Portanto, não esperava que este documento me desse muitas informações sobre se Letby foi condenado com razão. Num caso tão complexo como este, na ausência de provas concretas, a clareza poderá nunca chegar. É aproximadamente um filme composto por duas partes, sendo que a primeira apresenta a posição do Ministério Público e a segunda apresenta os argumentos apresentados que indicam a sua inocência. Abrange todas as questões que já foram noticiadas na imprensa: que Letby era enfermeira interina no momento da morte de todas as crianças, que a conselho de um terapeuta para ajudá-la a lidar com as acusações contra ela, ela escreveu notas em que ela escreveu: “Eu os matei de propósito porque não sou boa o suficiente”, que ela mantém sua inocência, que há quem acredite que as crianças morreram por causa do subfinanciamento do NHS e de erros terríveis, mas rotineiros, cometidos em seus cuidados.

Proteger as identidades dos envolvidos era o principal objetivo dos cineastas. Os produtores tomaram a chocante decisão de “anonimizar digitalmente” a única mãe dos filhos falecidos que aparece na produção, bem como o amigo de universidade de Letby que ainda acredita na inocência de Letby. Isso foi feito em nome da privacidade, embora eu não possa dizer que entendo por que as representações misteriosas de movimentos labiais não sincronizados da IA ​​foram melhores do que uma entrevista corporal padrão em tais circunstâncias. Mas o filme é um documento interessante e desconfortável cuja privacidade é importante num caso como este.

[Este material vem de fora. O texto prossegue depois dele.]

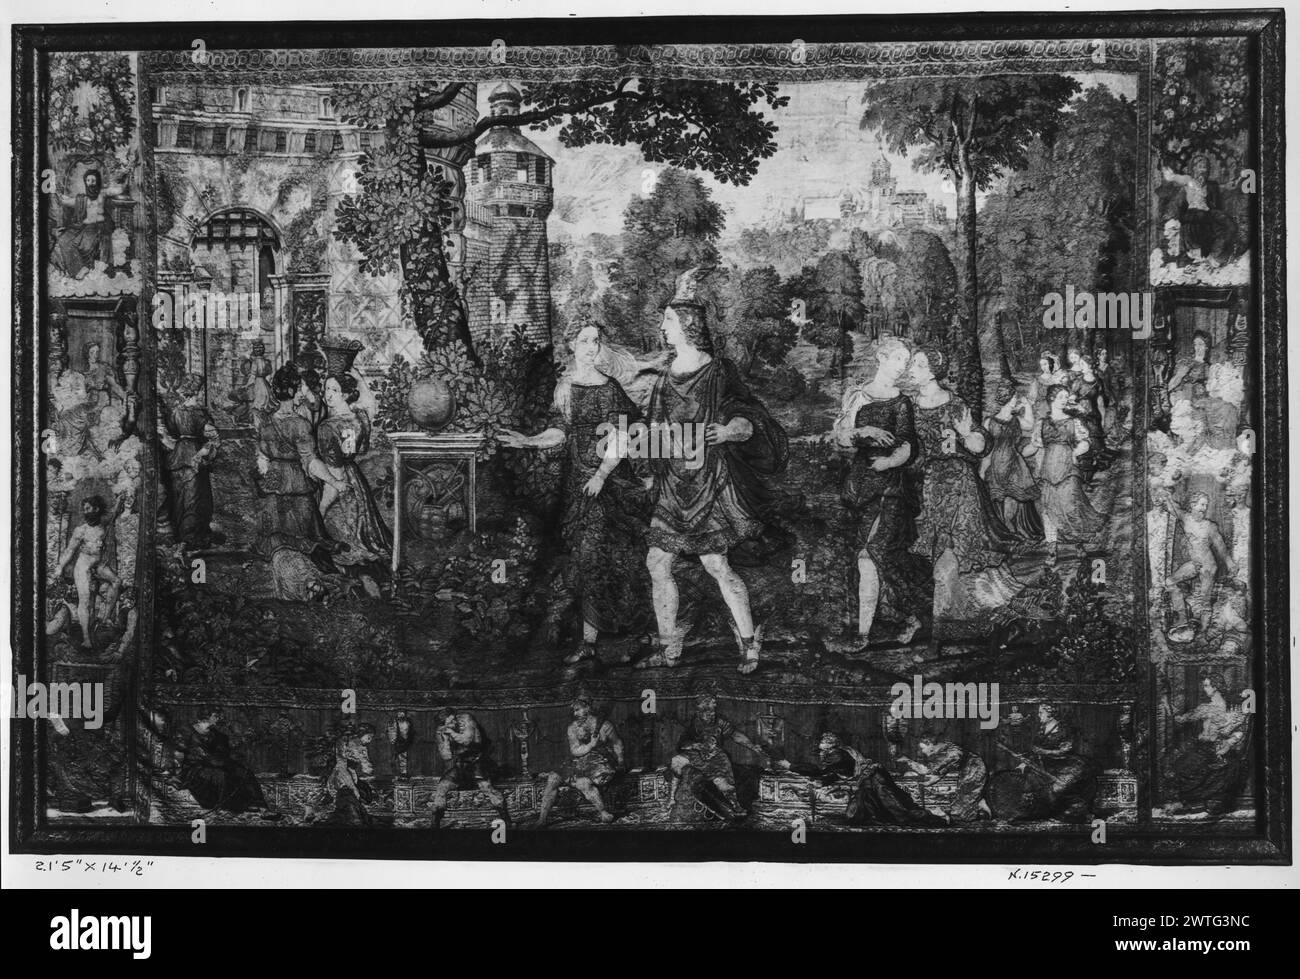 Mercure marchant avec Herse. Pannemaker, Wilhelm de (Netherlandish (avant 1600) - Flandre, Act. 1535-1578) (atelier) [tisserand] c. 1550 tapisserie dimensions : H 14'.5' x l 21.5' tapisserie matériaux/techniques : laine et soie ; fil métallique (argent) ; fil métallique (argent-doré) culture : Centre de tissage flamand : Bruxelles histoire de propriété : famille la Cerda, ducs de Medinaceli, Espagne (ensemble complet en leur possession, peut-être depuis le XVIe siècle). Duchesse de Denia, veuve du duc (en sa possession jusqu'à sa mort en 1903, date à laquelle la tapisserie passa aux héritiers du duc). Français et Royaume-Uni Espagne Banque D'Images

O documentário destaca várias violações flagrantes de privacidade que a Netflix, talvez não por coincidência, promoveu na preparação para o filme. A filmagem, divulgada aos cineastas pela Polícia de Cheshire, revelou-se ser uma filmagem corporal gravada em três ocasiões distintas durante as quais Letby foi preso. A primeira coisa que vemos no documentário são imagens de policiais entrando na casa da família de Letby. Sua mãe pode ser ouvida soluçando: “Por favor, não, nunca mais, não, não!” Então, enquanto Letby é escoltada escada abaixo pela polícia em seu roupão, ela dá um abraço de despedida em seu gato e diz aos pais: “Vocês sabem que não fui eu”, e sua mãe chora novamente: “Eu sei que não! Nós sabemos disso!”, e então ouvimos sua mãe soluçar enquanto Letby é algemado na porta. “Apenas entre, mãe, não… não olhe, mãe, apenas entre.”

Os pais de Letby disseram à imprensa que não tinham ideia de que esta filmagem havia sido cedida à Netflix para uso em um documentário. Imagens gravadas em sua casa, mostrando os piores momentos de suas vidas. Quer Lucy Letby seja ou não culpada dos crimes terríveis pelos quais foi condenada, seus pais certamente não o fizeram. E, no entanto, contra a sua vontade e conhecimento, vídeos da sua dor foram partilhados com estranhos em todo o mundo para que inevitavelmente os consumissem como entretenimento. A única justificativa para incluir esta filmagem é que ela é chocante e, portanto, atrairá mais atenção para o programa. Ao cobrir um evento bem conhecido, os jornalistas muitas vezes têm que se perguntar como a sua contribuição faz avançar a história. Este material poderia ter sido a resposta dos documentaristas a esta questão. Mas, tal como acontece com tantos crimes verdadeiros e sombrios disfarçados de tentativas moralmente correctas de “espalhar a consciência” ou algo assim, a sua resposta aqui parece fraca.